The meal moved slowly on to the main event, brought ceremoniously to the table in a deep iron casserole: a stew of wild boar, almost black with wine and blood-thickened gravy, accompanied by a gratin of cheese and potatoes and a further topping-up of Châteauneuf. Christie looked with dismay at the steaming plateful put in front of her, enough for an entire pack of famished dogs. Max loosened his belt. The Roussels attacked their food with undiminished enthusiasm.
There were, inevitably, second helpings. There was cheese. There were great wedges of tarte aux pommes, shiny with glaze. And finally, with the coffee and diamond-shaped almond biscuits, there was a compulsory snifter of Roussel’s venomous homemade marc.

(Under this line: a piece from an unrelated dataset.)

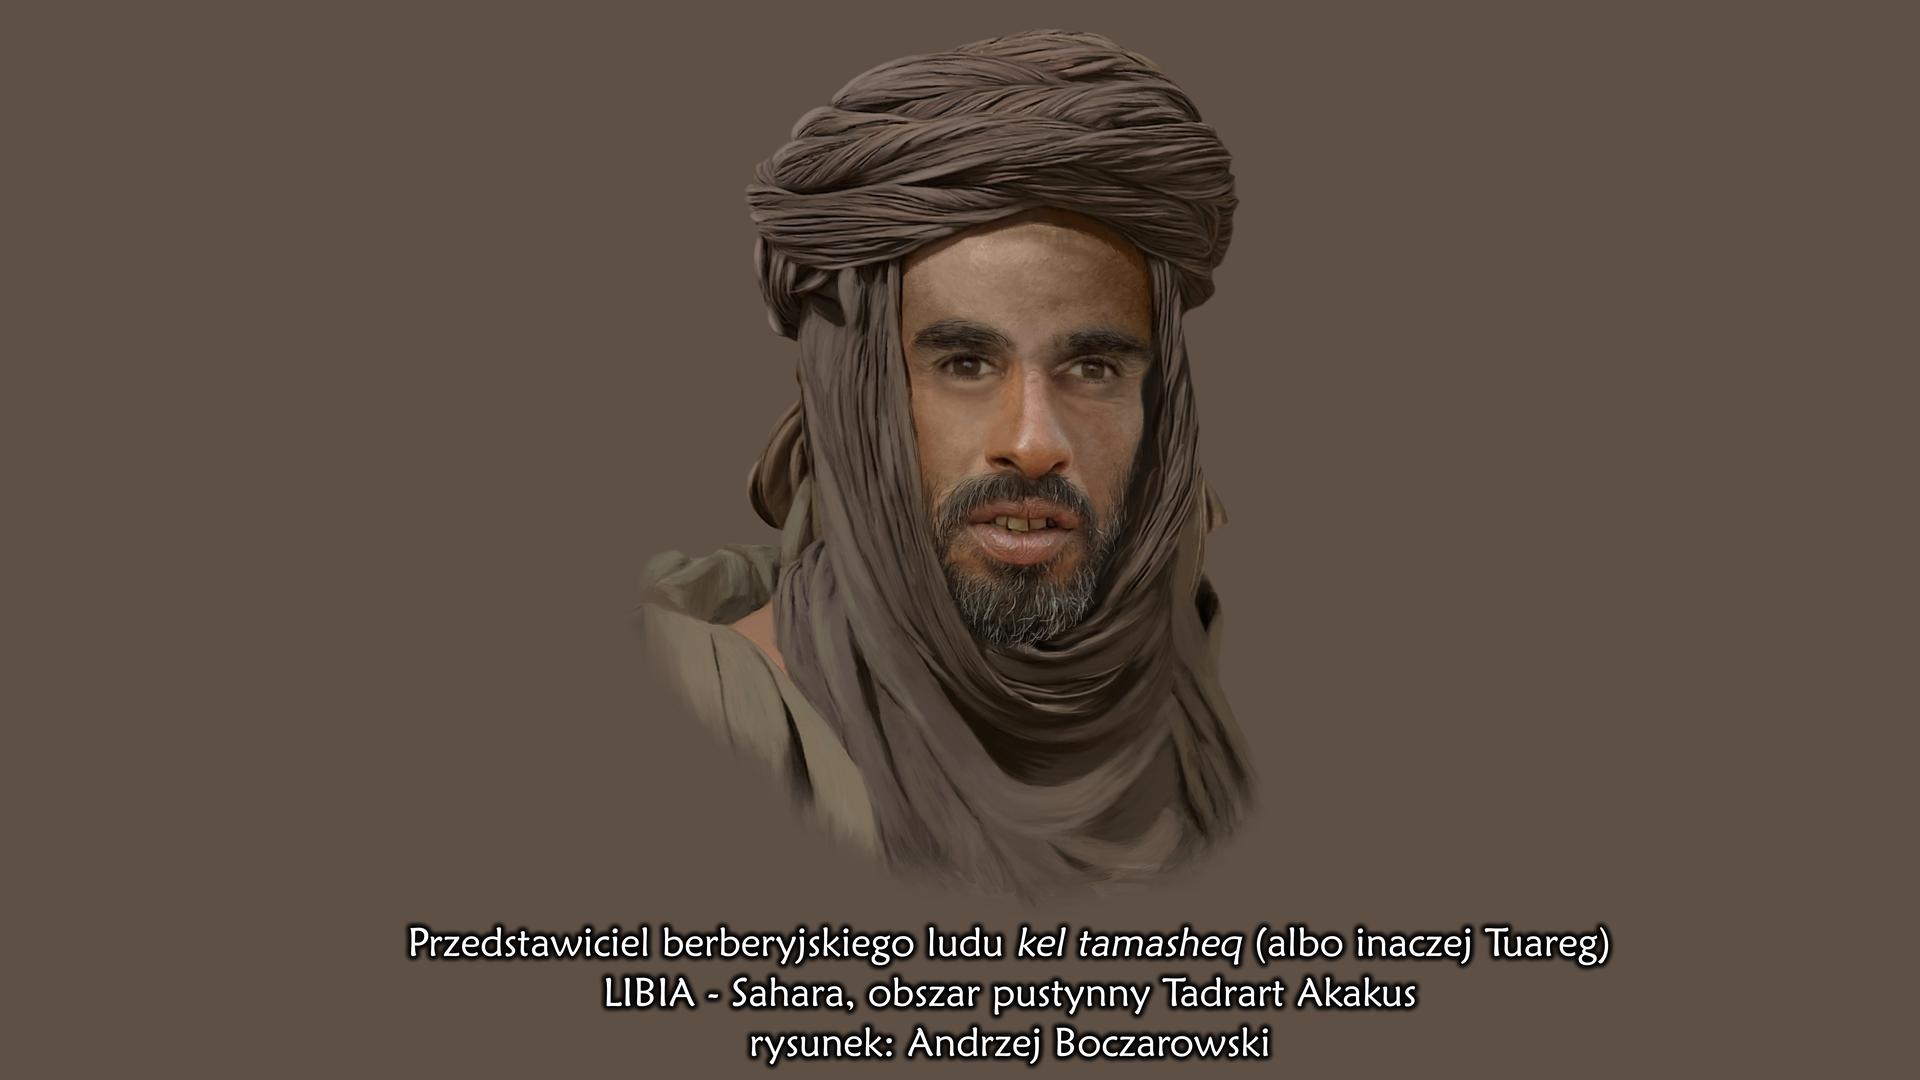 Ilustracja przedstawia portret mieszańca Sahary – Tuarega. Dojrzały mężczyzna ma śniadą cerę ipociągłą twarz. Na górnej wardze wąsy iczarny zarost na brodzie. Na głowie ma turban zbrązowej tkaniny.

By this time, Christie was anesthetized. She had arrived at that stage of overeating reached by certain species prior to hibernation and was barely capable of movement or thought, conscious only of an instinct to curl up in a quiet, dark place. Max was little better, and even Roussel had begun to show signs of wear, making only a token effort to persuade them into another glass of marc.
It had been, as Max assured Madame Roussel on the doorstep, a memorable evening. After a round of kissing and handshaking, he steered an unsteady Christie across the terrace and folded her into the car.